Closed luigallucci closed 3 months ago
this was my trial with seqtab obtained through normal pipeline and seqtabA with BigData pipe.
Moreover, I read the latest issues about the pooling method and the chimaera removal method...if I'm using dada2 in R (not Qiime), using pooling for my dataset, should I select a different method for chimaera removal, than consensus?
IF using dada(..., pool=TRUE)
THEN use removeBimeraDenovo(..., method="pooled")
.
IF using dada(..., pool="pseudo")
THEN use removeBimeraDenovo(..., method="consensus")
(the default).
IF using dada(..., pool=FALSE)
(the default) THEN use removeBimeraDenovo(..., method="consensus")
(the default).
Is it possible to use pool=TRUE in the big data pipeline reliably?
It isn't, because the big data workflow is processing each sample independently. To use pool=TRUE
, all samples have to be loaded into memory at once.
this was my trial with seqtab obtained through normal pipeline and seqtabA with BigData pipe.
These differences are small, and likely are related to low abundance/low confidence ASVs. That said, I'm not sure exactly why you would get a different result between the two. I would err on the side of the regular tutorial workflow, as that has been updated more recently.

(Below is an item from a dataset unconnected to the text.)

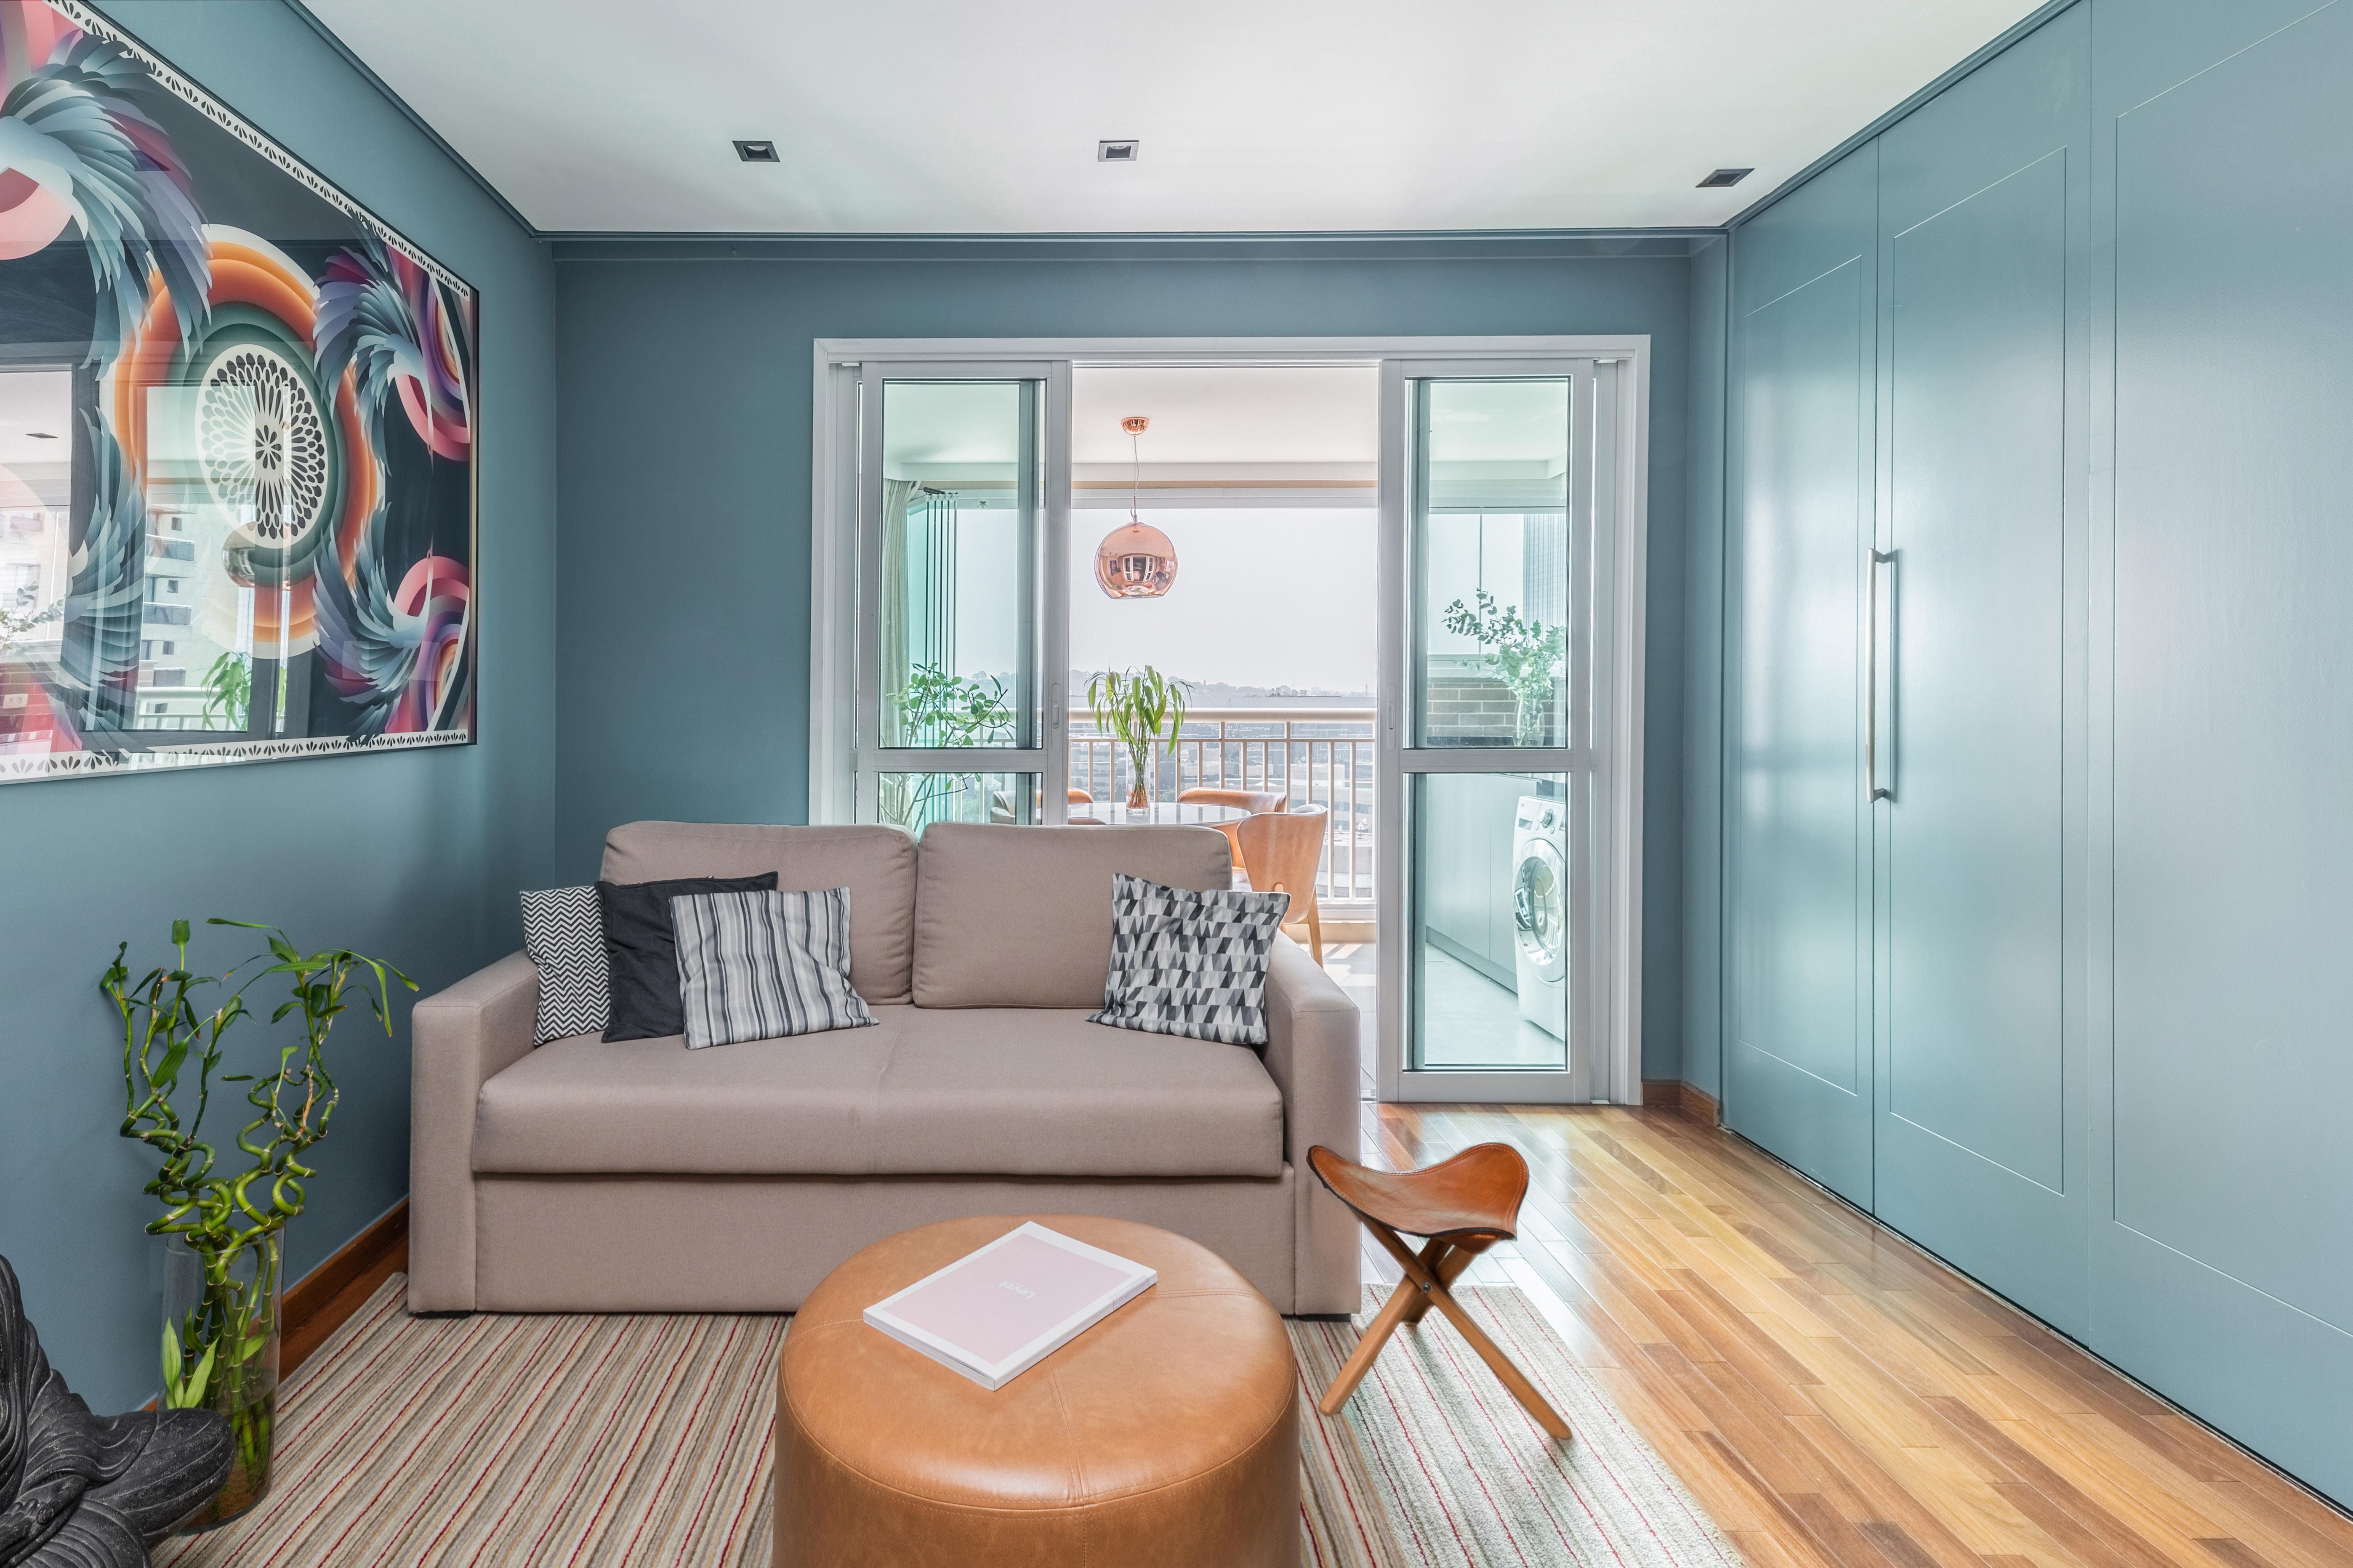 Outro ângulo da sala de estar e TV, que revela a integração com outros ambientes, como a varanda gourmet e a cozinha, que está à direita, com portas fechadas.

Hi @benjjneb, thank you for the reply!
I was using the BigData one because is faster than the regular. As you can see the differences are not so big. Anyway, I will stick to the regular one, thank you :)
Hi @benjjneb,
I wondered if the two approaches used in big data and classic tutorials should lead to differences in data pooling outcomes. Is it possible to use
pool=TRUE
in the big data pipeline reliably? Could this lead to a less rich ASV output than the normal approach?Moreover, I read the latest issues about the pooling method and the chimaera removal method...if I'm using dada2 in R (not Qiime), using pooling for my dataset, should I select a different method for chimaera removal, than consensus?